Prove the inequality $({1+\frac{a}b})^n$ + $(1+\frac{b}a)^n$ $\geq$ $2^{n+1}$

Solution 1:

Using the Arithmetic Mean Geometric Mean Inequality, we have $$\frac{(1+a/b)^n+(1+b/a)^n}{2}\ge \sqrt{((1+a/b)(1+b/a))^n}.$$ But $(1+a/b)(1+b/a)=2+a/b+b/a\ge 4$, since $a/b+b/a\ge 2$, again by AM/GM. The result follows.

Remark: Mentioning AM/GM is perhaps overly fancy.
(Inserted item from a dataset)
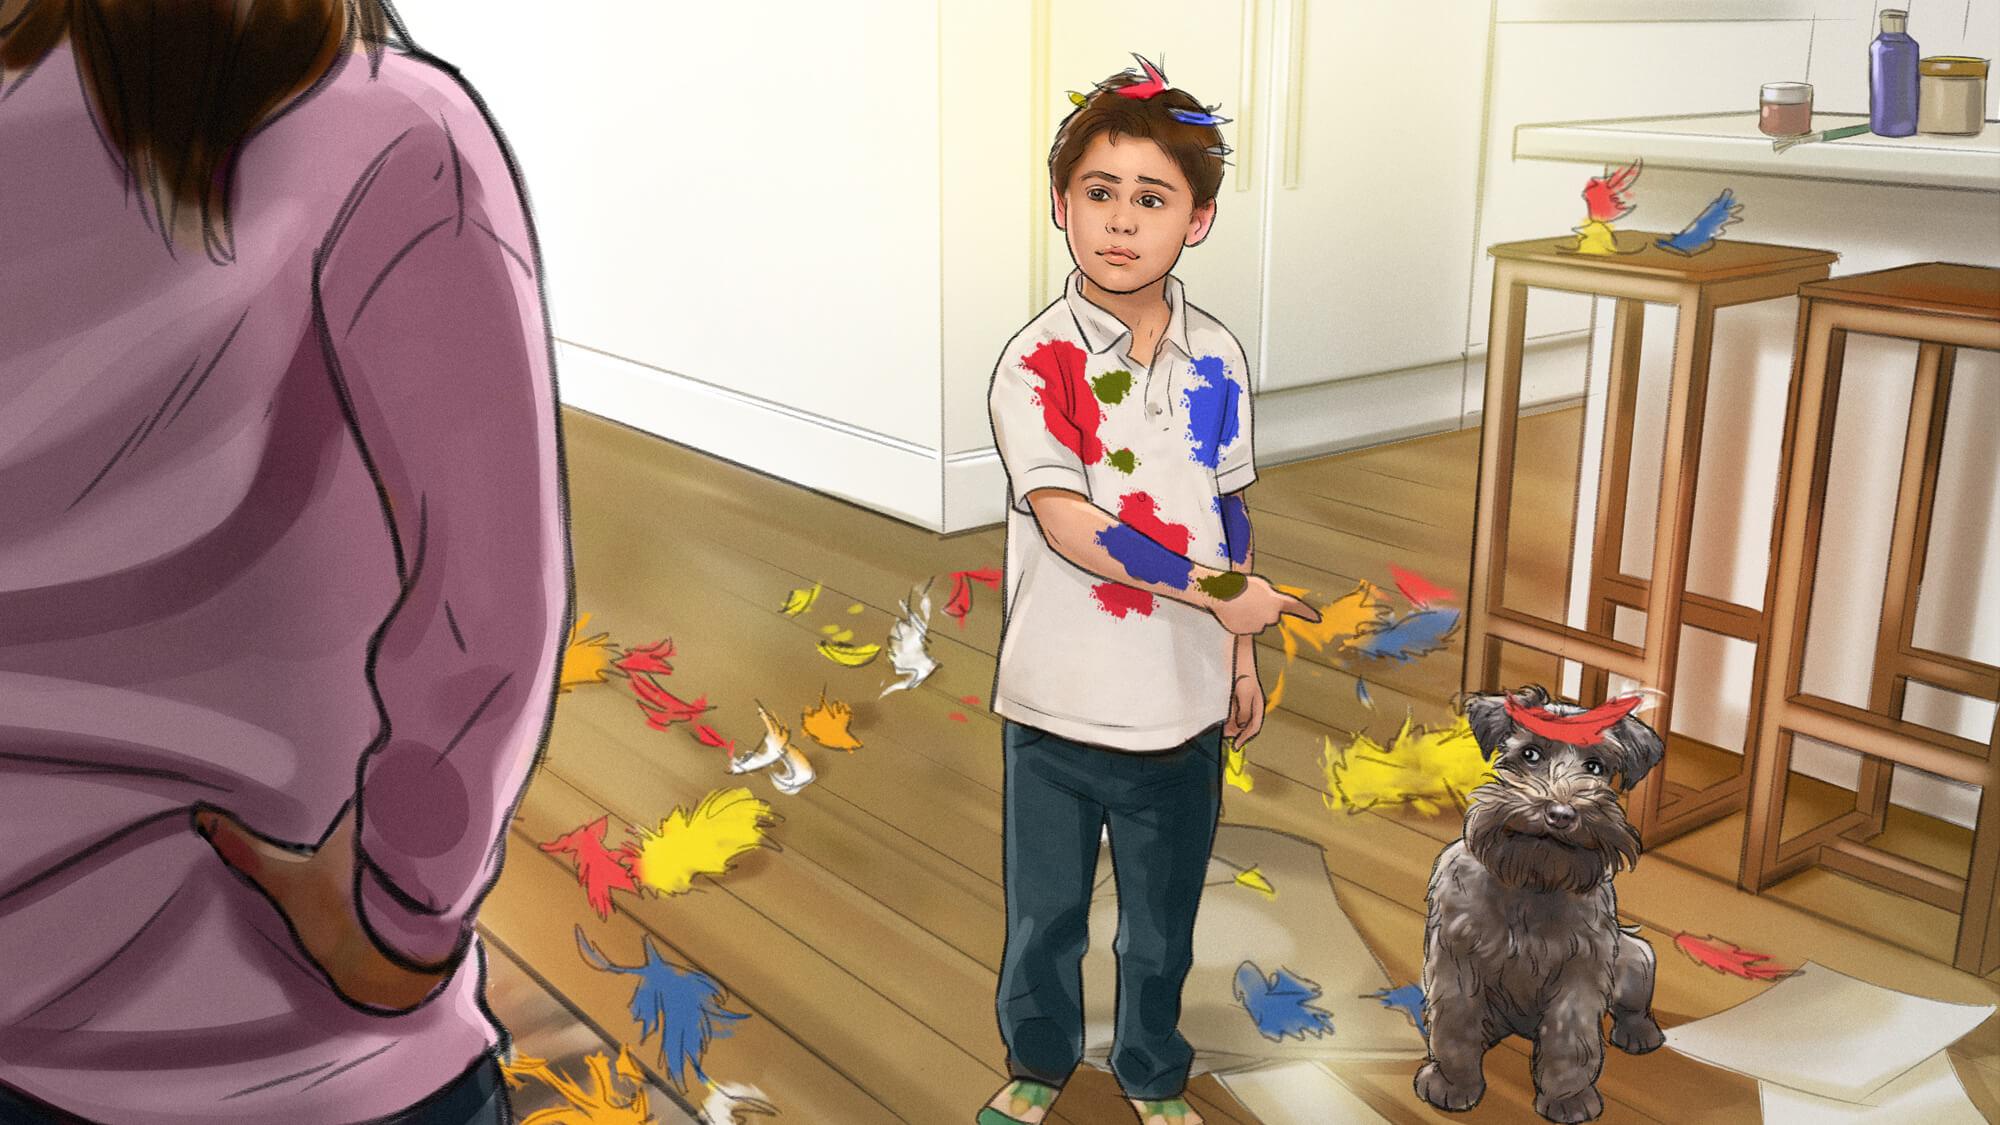 Kinder_Storyboard_3.jpg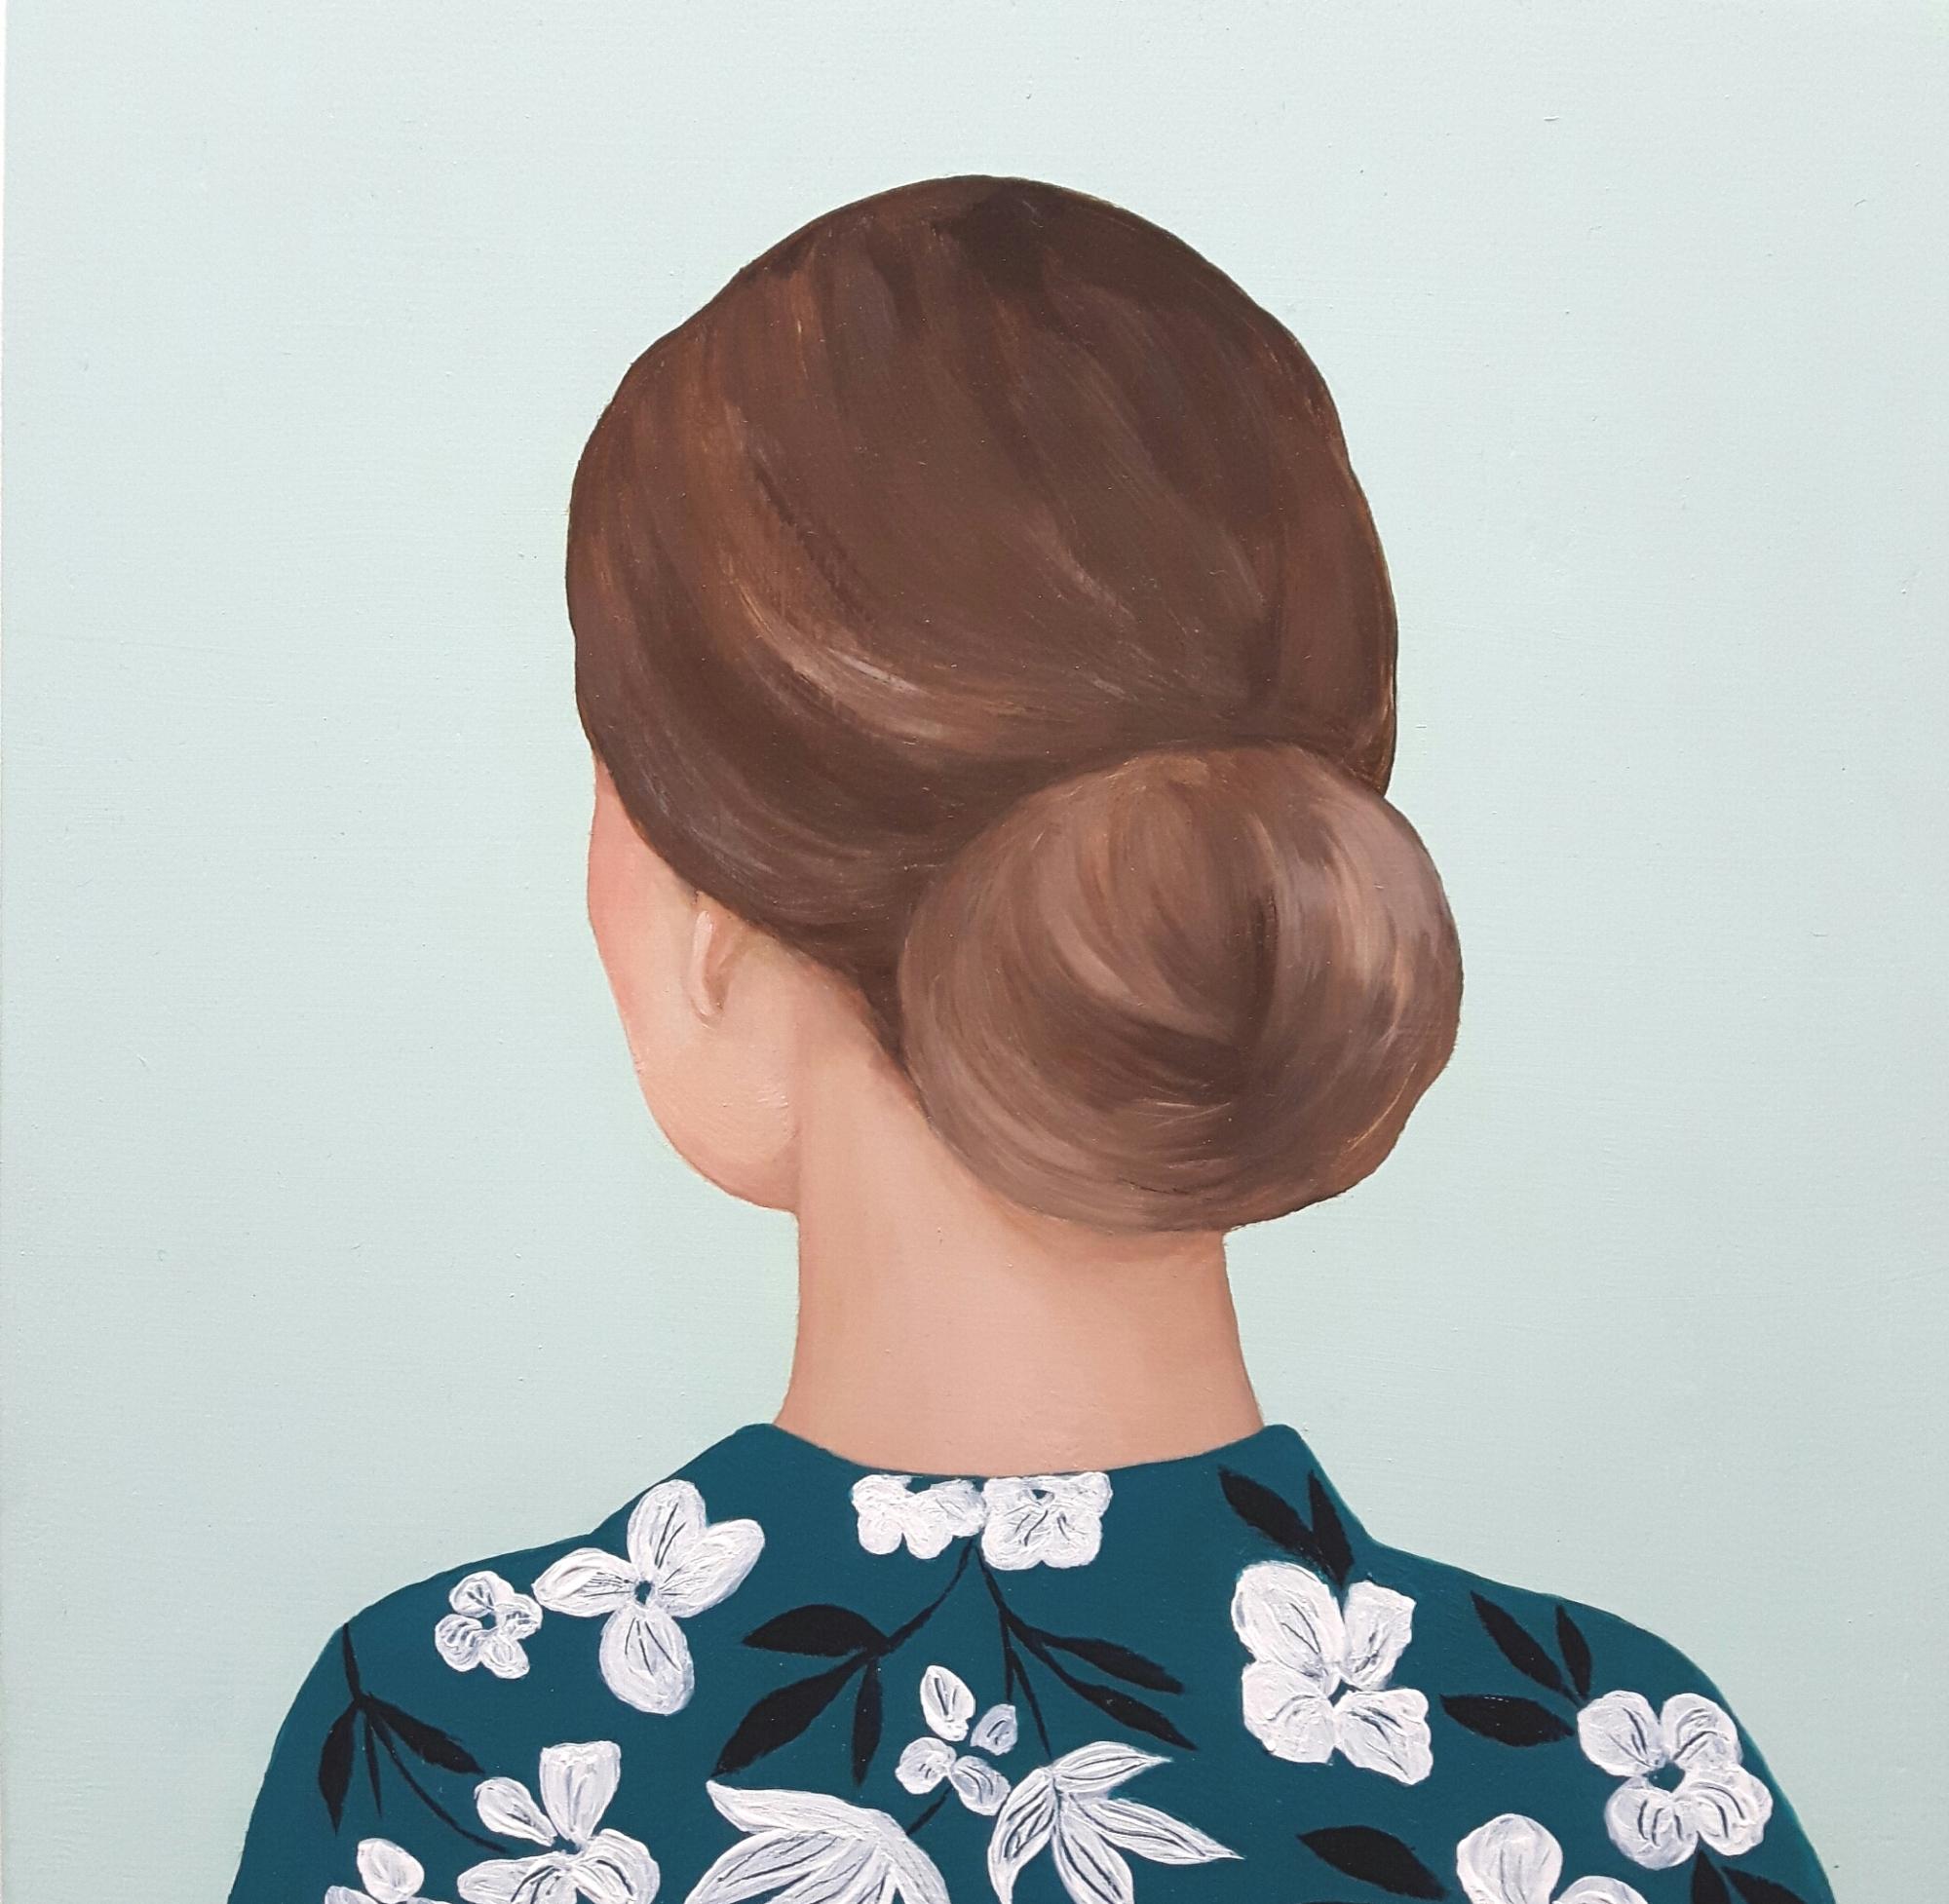 Girl in Flowery Shirt by Marina  Nazarova

We have used twice the result that for non-negative $x$ and $y$, we have $\frac{x+y}{2}\ge \sqrt{xy}$. This follows from the fact that $x+y-2\sqrt{xy}=(\sqrt{x}-\sqrt{y})^2$.

Solution 2:

$a,b$ are positive, so $$\dfrac{a^k}{b^k}+\dfrac{b^k}{a^k}\ge2\Longleftrightarrow a^{2k}+b^{2k}\ge2a^kb^k\Longleftrightarrow\big(a^k-b^k\big)^2\ge0,$$ and using the binomial theorem (three times total) we get $$\left(1+\frac ab\right)^n+\left(1+\frac ba\right)^n=\sum_{k=0}^n\binom nk\left(\dfrac{a^k}{b^k}+\dfrac{b^k}{a^k}\right)\ge2\sum_{k=0}^n\binom nk=2\,(1+1)^n=2^{n+1}.$$

Solution 3:

Consider $f(x)= (1+x)^n + \left(1+\dfrac1x\right)^n$ for $x>0$.

Then $f'(x)=n(1+x)^{n-1}\left(1-\dfrac1{x^{n+1}}\right)$. So $f'(x)=0$ for $x>0$ iff $x=1$.

Since $f(x)\to +\infty $ when $x\to+\infty$, $\quad f$ has a minimum at $x=1$.

The minimum is $f(1)=2\cdot2^n=2^{n+1}$.